Penelitian ini bersifat kualitatif, dan jenis penelitian lapangan studi kasus Data primer yang digunakan dikumpulkan menggunakan teknik wawancara dan observasi, serta data sekunder yang berasal dari dokumentasi. Selanjutnya hasil penelitian tersebut dalam bentuk deskripsi sesuai dengan kerangka penelitian kualitatif.
Hasil penelitian menunjukkan bahwa, pemberian zakat hasil usaha dagang milik Ibu Siti Ruqoyyah yang diberikan sendiri kepada karyawannya hal ini tidak bertentangan dengan hukum islam, karena para karyawan tersebut masuk dalam kategori fakir miskin sebagaimana disebutkan dalam Al-Qur'an Surat Al-Baqoroh ayat 267 dan Undang-undang No 23 Tahun 2011 tentang Pengelolaan Zakat bahwa yang berhak mendapat zakat adalah fakir, miskin, amil, gharim, riqab, fi sabilillah, ibnu sabil dan muallaf.
Namun mengenai mustahiq atau karyawannya yang bertempat tinggal di luar daerah dimana zakat tersebut didapatkan (Bandar Kidul) termasuk dalam kategori pemindahan zakat dari daerahnya ke daerah yang lain. Berdasarkan kesepakatan ulama zakat harus diberikan di daerah dimana zakat tersebut didapatkan, hal ini sesuai kaidah umum yang mengatakan "zakat hendaknya dibagikan kepada seluruh kaum yang ada diantara mereka", berdasarkan hadits Muadz yaitu "ambillah zakat dari orang-orang kaya diantara mereka dan berikan lagi kepada orang-orang fakir diantara mereka" sebagaimana dikisahkan antara Umar bin Khattab dengan Muadz bin Jabbar, ketika menjadi khalifah.

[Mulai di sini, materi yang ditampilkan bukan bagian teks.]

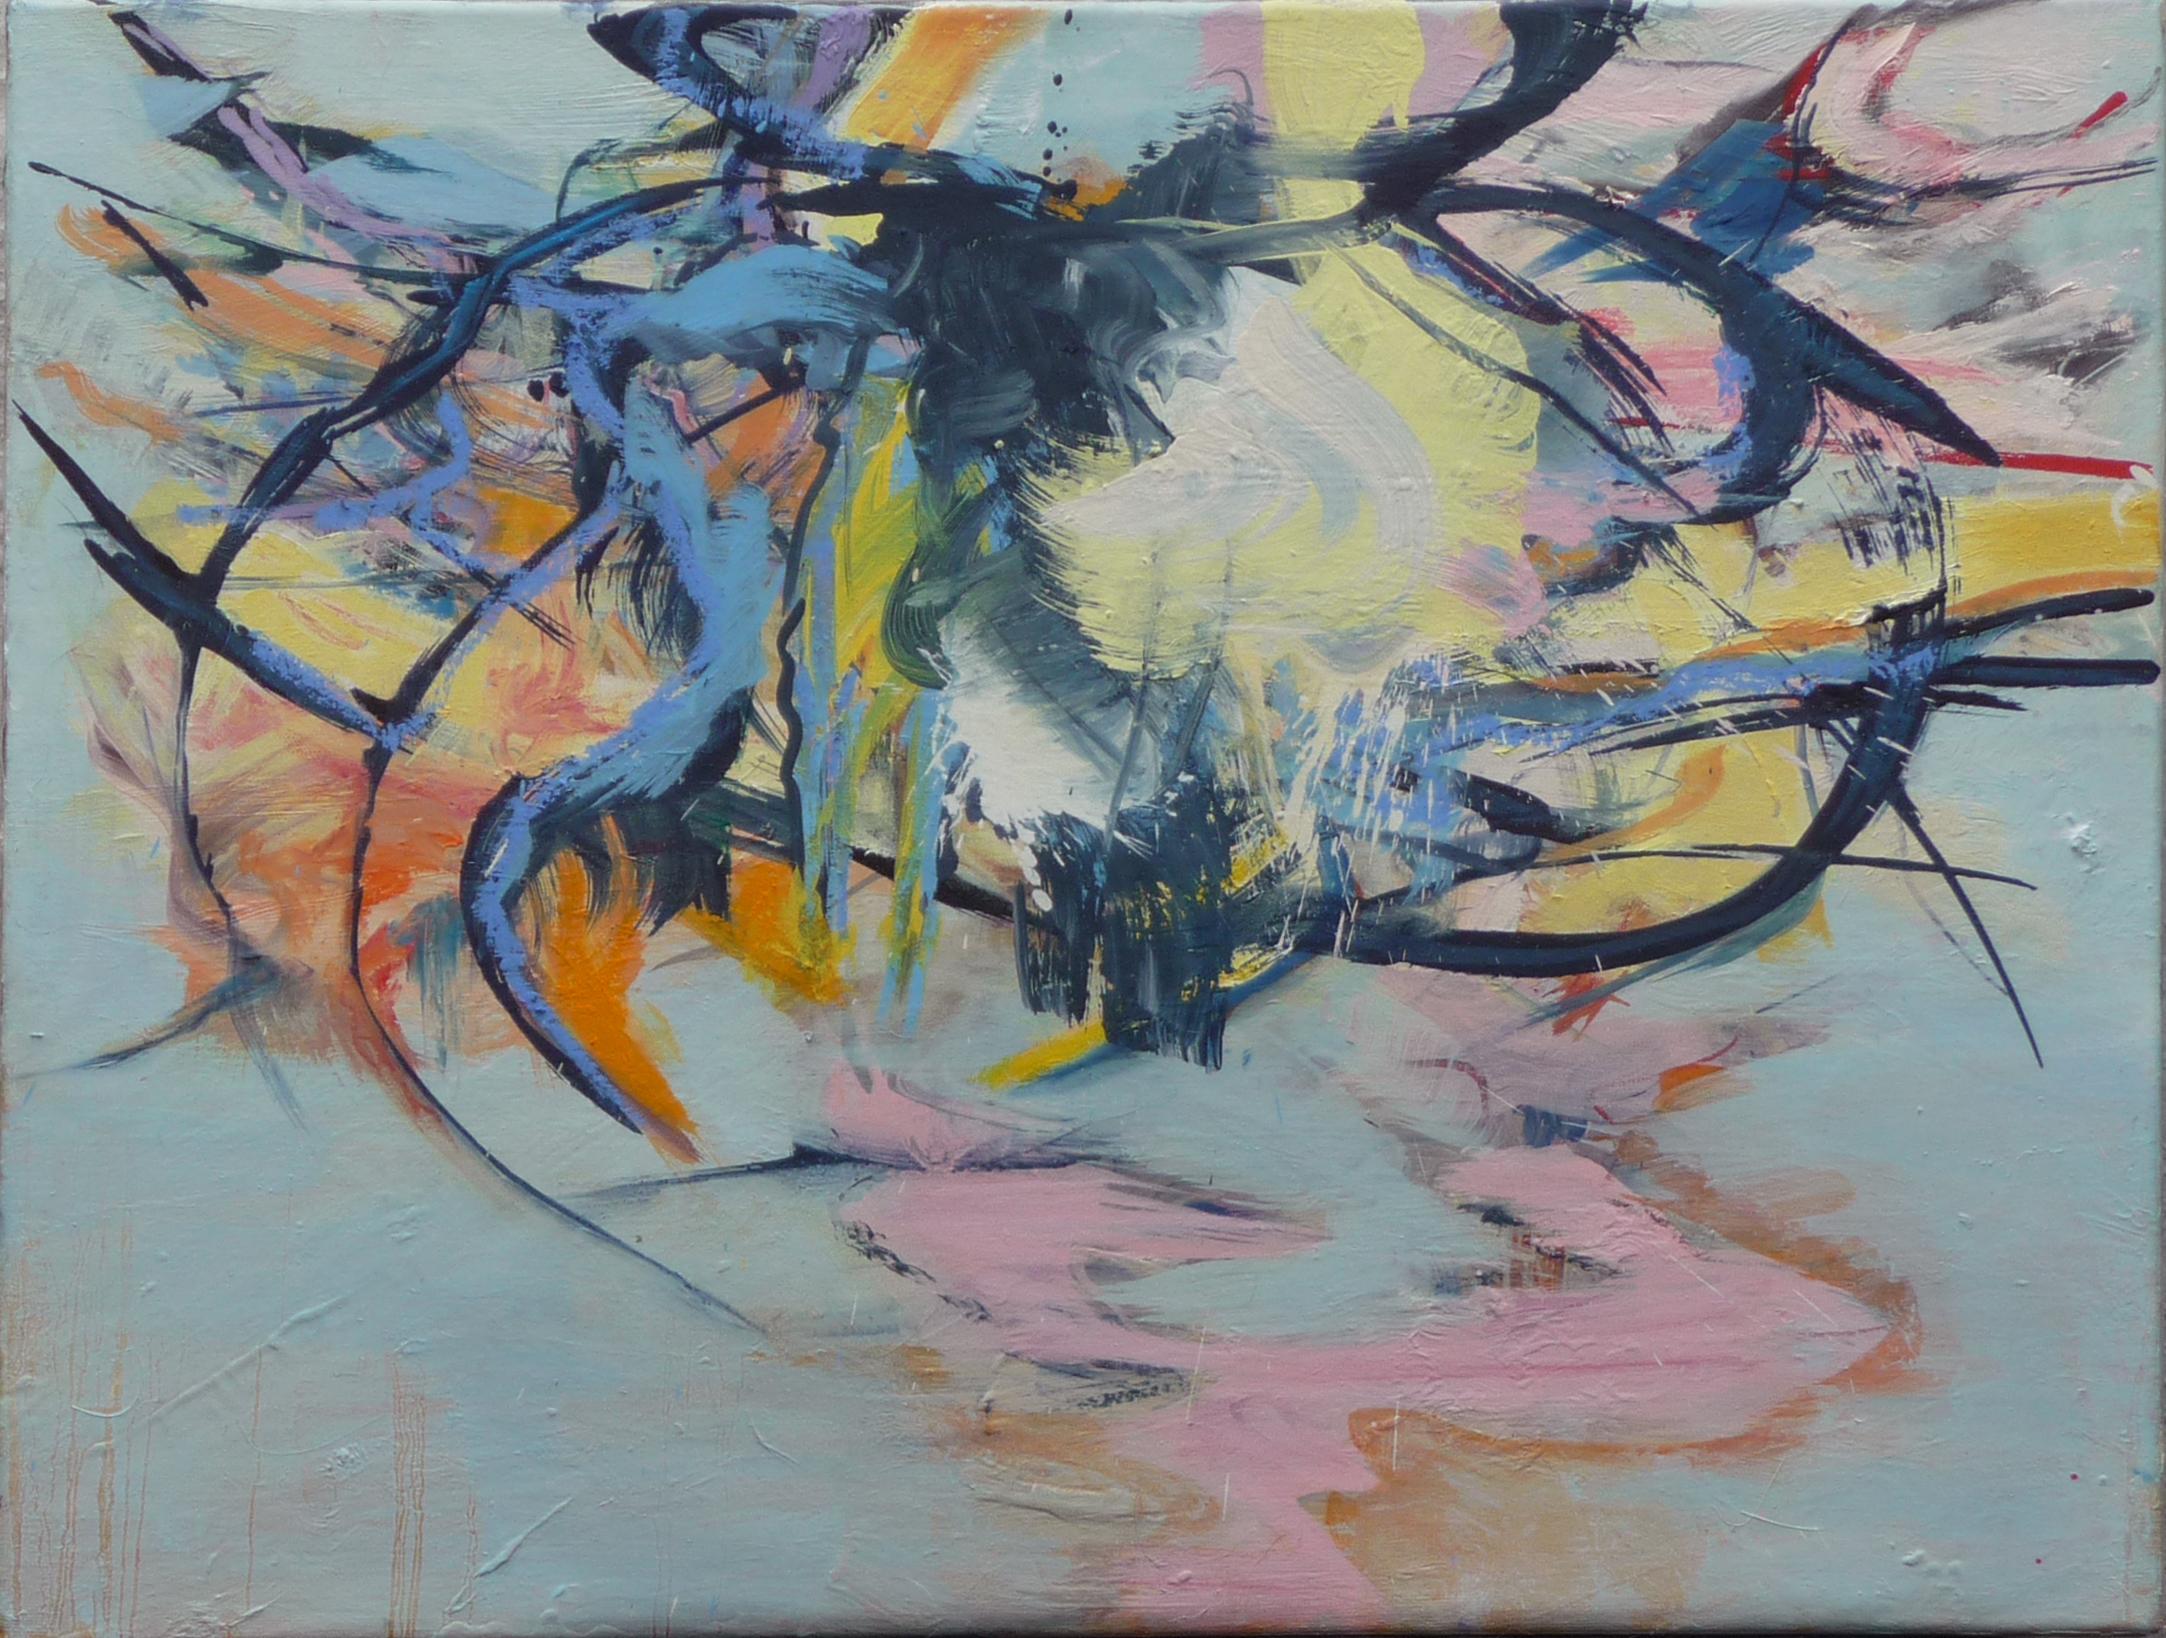 Image 4, olieverf op doek, 60 x 80 cm

Oleh karenanya terdapat perbedaan pendapat mengenai hukum memindahkan zakat dari satu daerah ke daerah yang lain. Imam syafi'i dan imam Hanafi tidak membolehkannya, kecuali jika memang di suatu wilayah tersebut sudah tidak ada orang berhak untuk menerimanya. Itupun zakatnya hanya boleh dibagikan ke daerah yang paling dekat dari daerah atau wilayah dimana zakat tersebut didapatkan yakni di Bandar Kidul, tempat usaha tersebut dijalankan. Atau diberikan dulu dari yang terdekat kemudian ke yang jauh.
Sedangkan imam Maliki dan imam Hanbali berpendapat bahwa pemberian zakat dibolehkan atau makruh tanzih, karena daerah-daerah tempat karyawan berdomisili tidak lebih dari jarak yang dibolehkan untuk mengqashar sholat, artinya masih kurang dari 89 km. Asalkan para karyawan tersebut masih tergolong orang yang fakir atau miskin.